NAIROBI (Reuters) - Pierre Buyoya, the former president of Burundi who twice seized power in military coups and oversaw a prolonged ethnic civil war that killed 300,000 of his countrymen, has died at 71, the government announced on Friday.
Buyoya died just two months after being convicted in absentia by a court in Burundi of the 1993 murder of a successor, a killing that triggered more than a decade of ethnic bloodletting.
“The death of former president Pierre Buyoya is confirmed. There is no more doubt,” the head of the information and communications division at the office of Burundi’s President Willy Nyamitwe said in a tweet.
At the time of his death, Buyoya had been living in Mali, where he had held a post as an envoy of the African Union. An official at the Clinique Pasteur in the Malian capital Bamako told Reuters Buyoya had been treated there before being evacuated to Paris overnight. He gave no further details.
A relative of Buyoya, who spoke on condition of anonymity, told Reuters Buyoya had died on Thursday en route to Paris for medical treatment.
French radio RFI said Buyoya had contracted COVID-19 in Mali and had been hospitalised there for a week.
Malian government officials could not immediately be reached for comment. The French foreign ministry did not immediately respond to a message seeking comment.
Buyoya, a member of the Tutsi minority that held power in Burundi for decades after the country’s 1962 independence from Belgium, was president for 13 years in total during two stints, from 1987-1993 and from 1996-2003.

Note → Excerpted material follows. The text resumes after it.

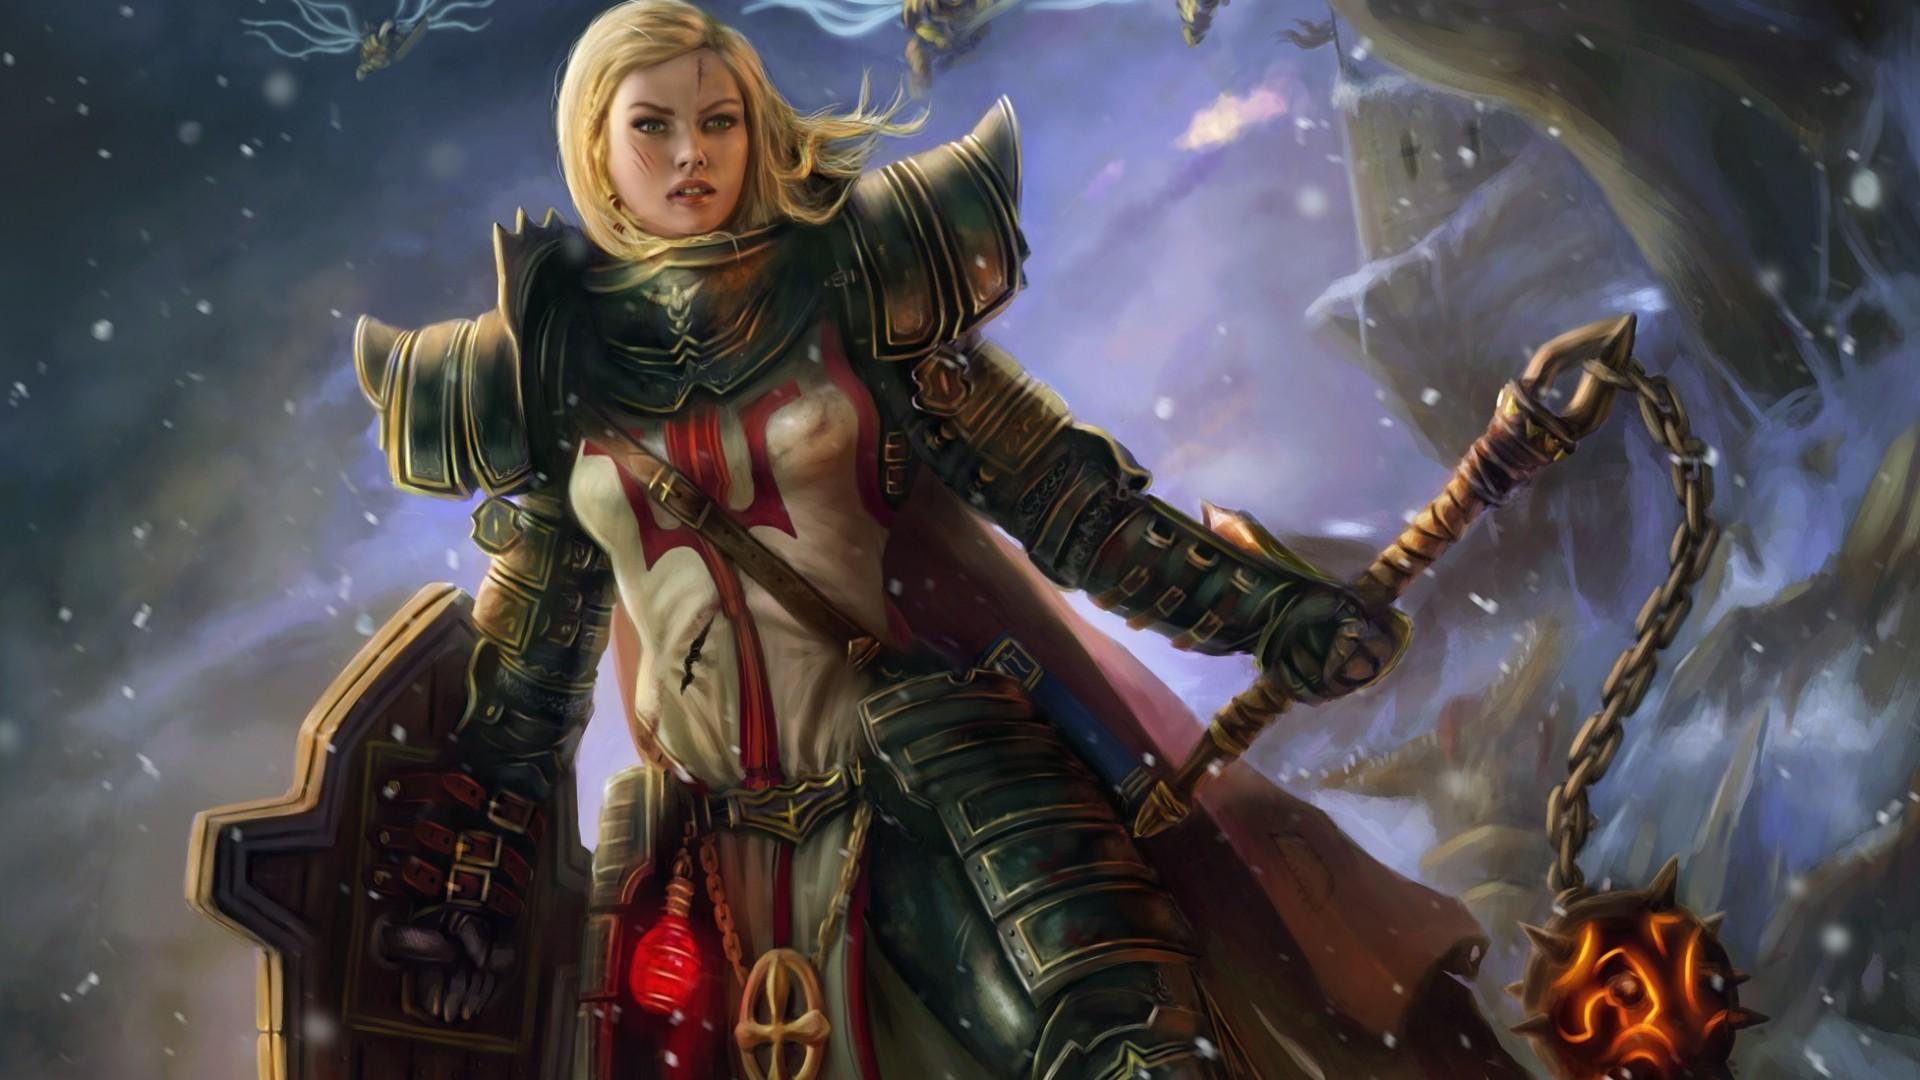 Diablo 3 Wallpaper 1 Download Free Stunning High Resolution

From 2012, Buyoya served as the African Union’s envoy for Mali and the Sahel region. He resigned last month after his conviction in absentia at home.
Buyoya first took power in 1987, ousting president Jean-Baptiste Bagaza in a military coup. In June, 1993, Buyoya left office after losing Burundi’s first free election, to Melchior Ndadaye, a member of the Hutu majority.
Just three months after Ndadaye took office, soldiers from the still Tutsi-dominated military captured and killed the new president. His death unleashed a conflict in which both the Tutsi-led army and mainly Hutu rebels were accused of atrocities against civilians.
In October, Burundi’s Supreme Court convicted Buyoya in absentia of Ndadaye’s murder, sentencing him to life in jail.
Buyoya called the conviction politically motivated. RFI said that at the time of his death he planned to return to Burundi to clear his name.
Three years after the killing of Ndadaye, Buyoya returned to power in a second military coup. He stepped down in 2003, replaced by his vice president, Domitien Ndayizeye, a Hutu, as part of an agreement that helped end the conflict.